We have introduced the standard version of support vector regression:
Schölkopf et al. (1999) present a different version that has one parameter instead
of two. Smola and Schölkopf (2004) provide an extensive tutorial on support
vector regression.
The (voted) kernel perceptron is due to Freund and Schapire (1999). Cris-
tianini and Shawe-Taylor (2000) provide a nice introduction to support vector
machines and other kernel-based methods, including the optimization theory
underlying the support vector learning algorithms. We have barely skimmed the
surface of these learning schemes, mainly because advanced mathematics lies
just beneath. The idea of using kernels to solve nonlinear problems has been
applied to many algorithms, for example, principal components analysis
(described in Section 7.3). A kernel is essentially a similarity function with
certain mathematical properties, and it is possible to define kernel functions
over all sorts of structures—for example, sets, strings, trees, and probability
distributions. Shawe-Taylor and Cristianini (2004) cover kernel-based learning
in detail.
There is extensive literature on neural networks, and Bishop (1995) provides
an excellent introduction to both multilayer perceptrons and RBF networks.

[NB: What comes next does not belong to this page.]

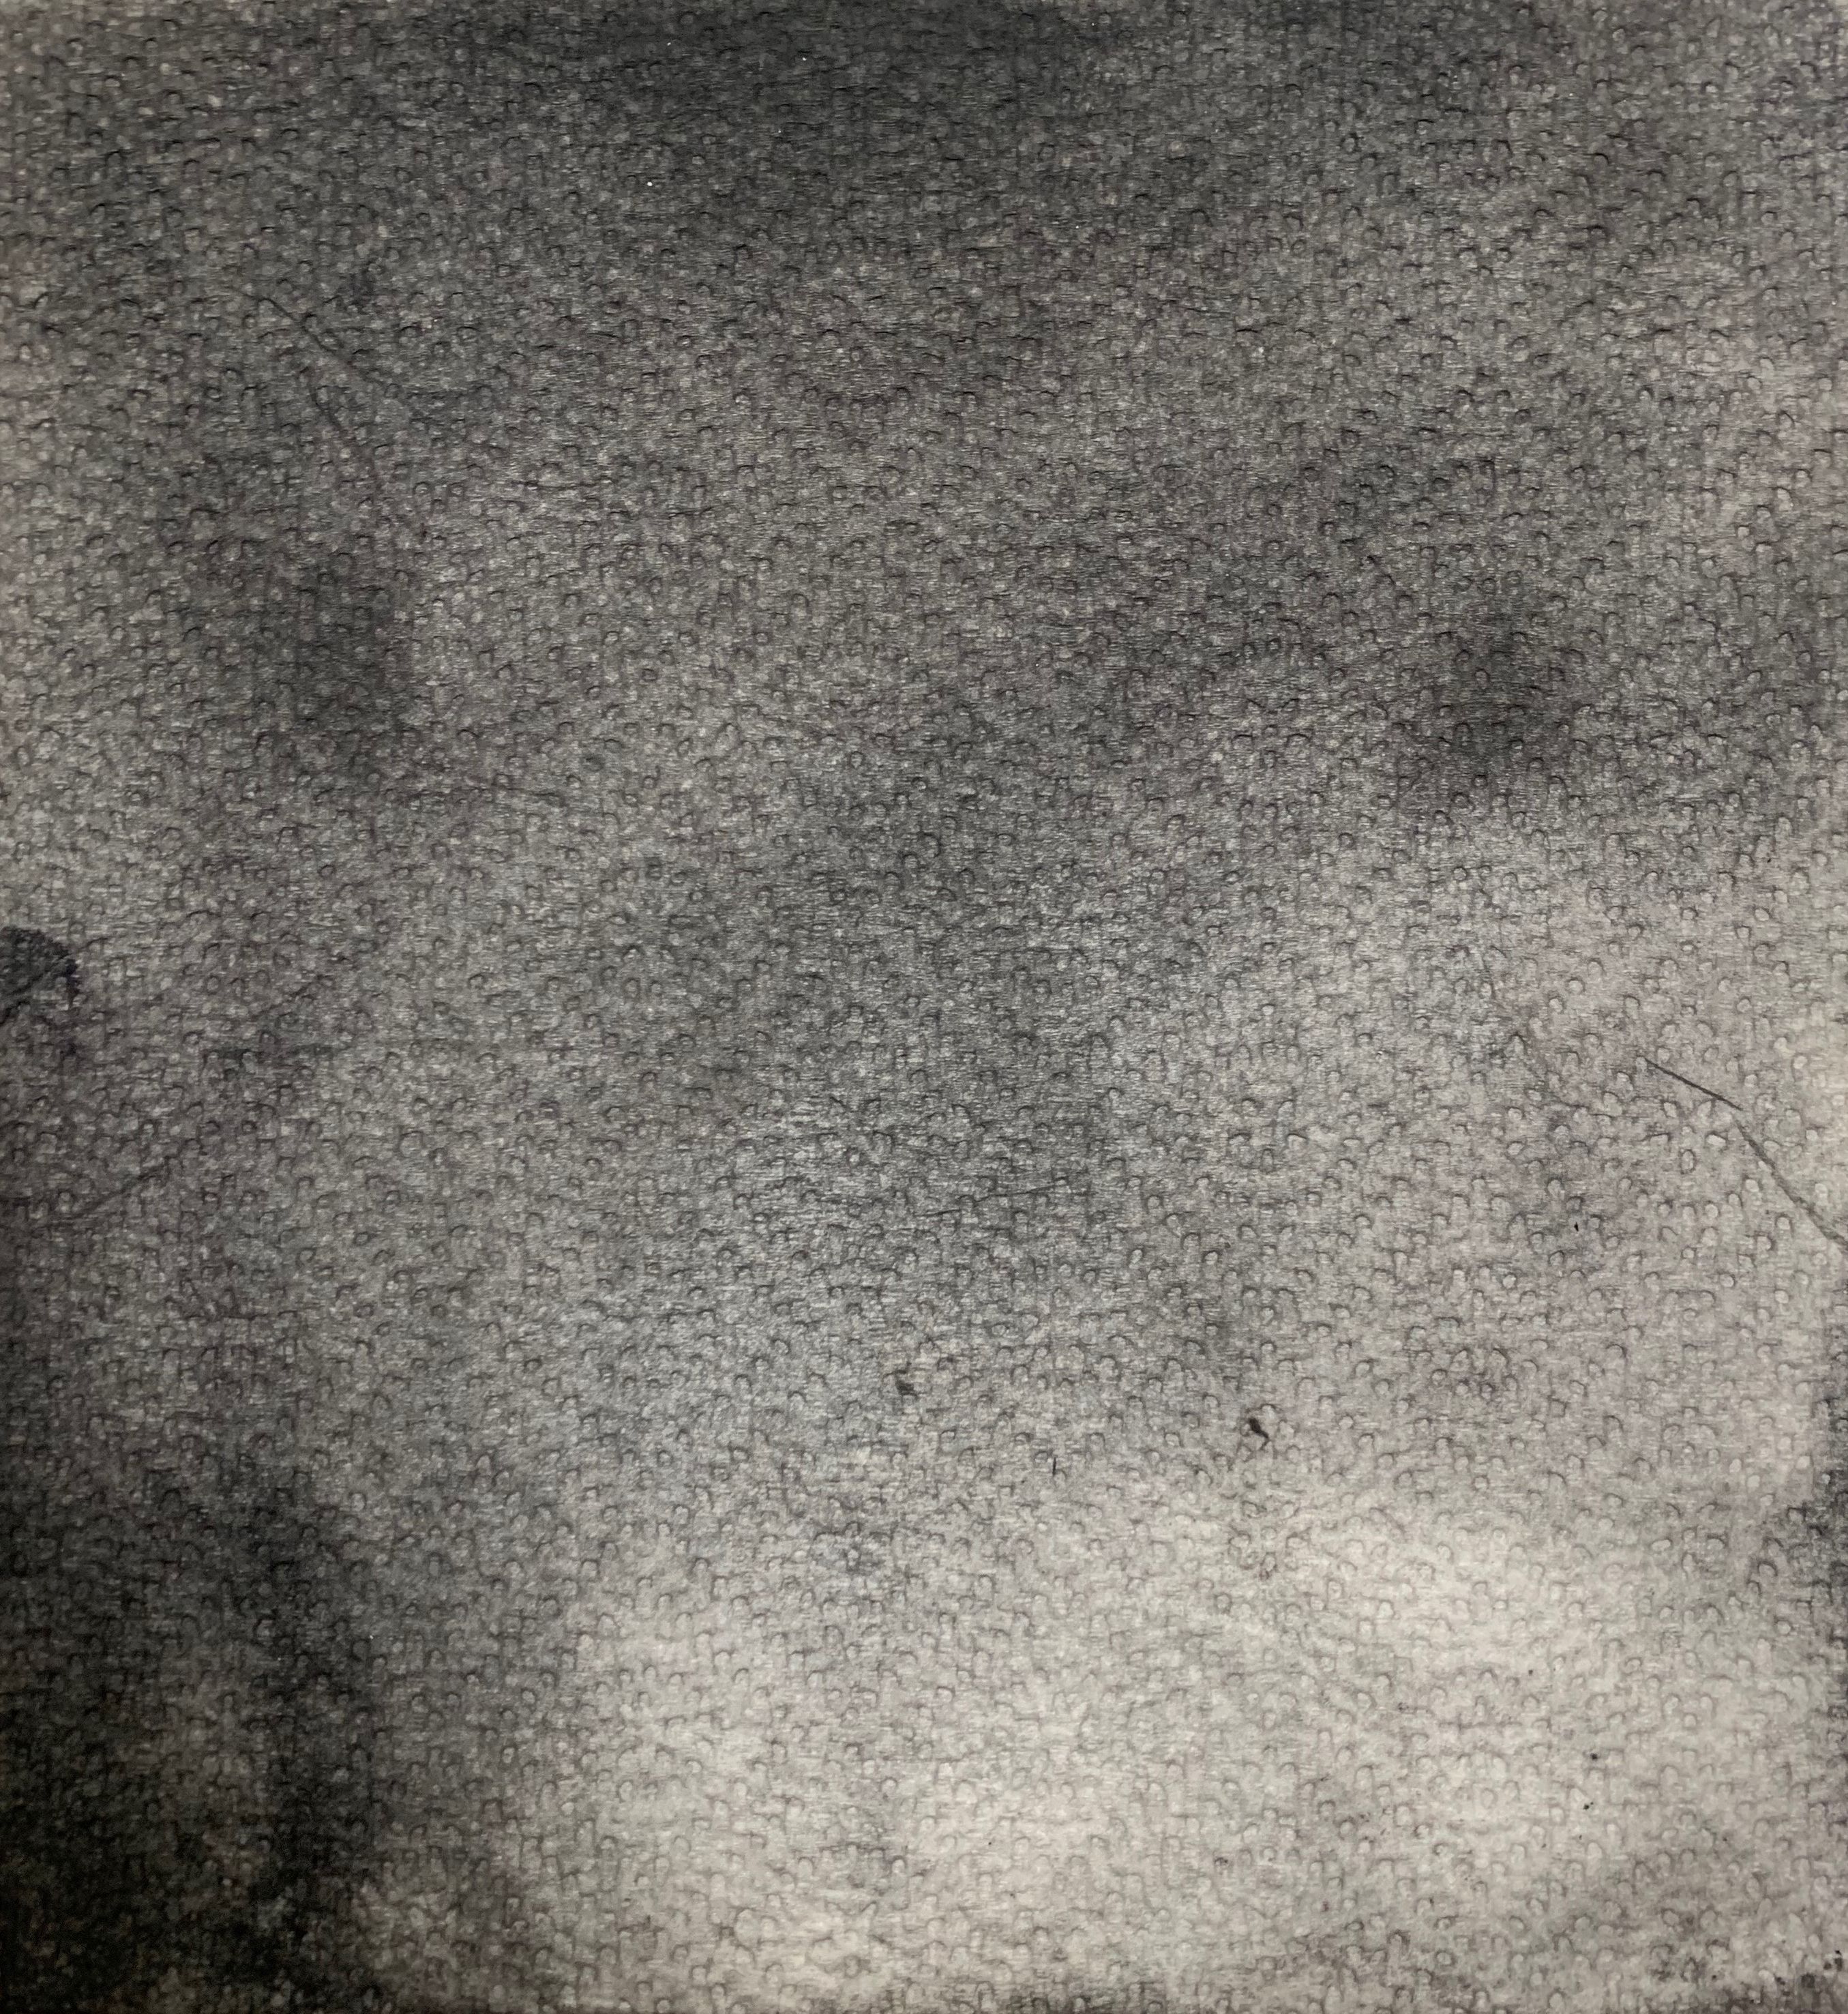 Rafal Bujnowski, Dirty Towel, 2019, oil on paper, 9 1/2 x 8 3/4 in. (24.13 x 22.23 cm), RB_FP4171

Interest in neural networks appears to have declined since the arrival of support
vector machines, perhaps because the latter generally require fewer parameters
to be tuned to achieve the same (or greater) accuracy. However, multilayer per-
ceptrons have the advantage that they can learn to ignore irrelevant attributes,
and RBF networks trained using k-means can be viewed as a quick-and-dirty
method for finding a nonlinear classifier.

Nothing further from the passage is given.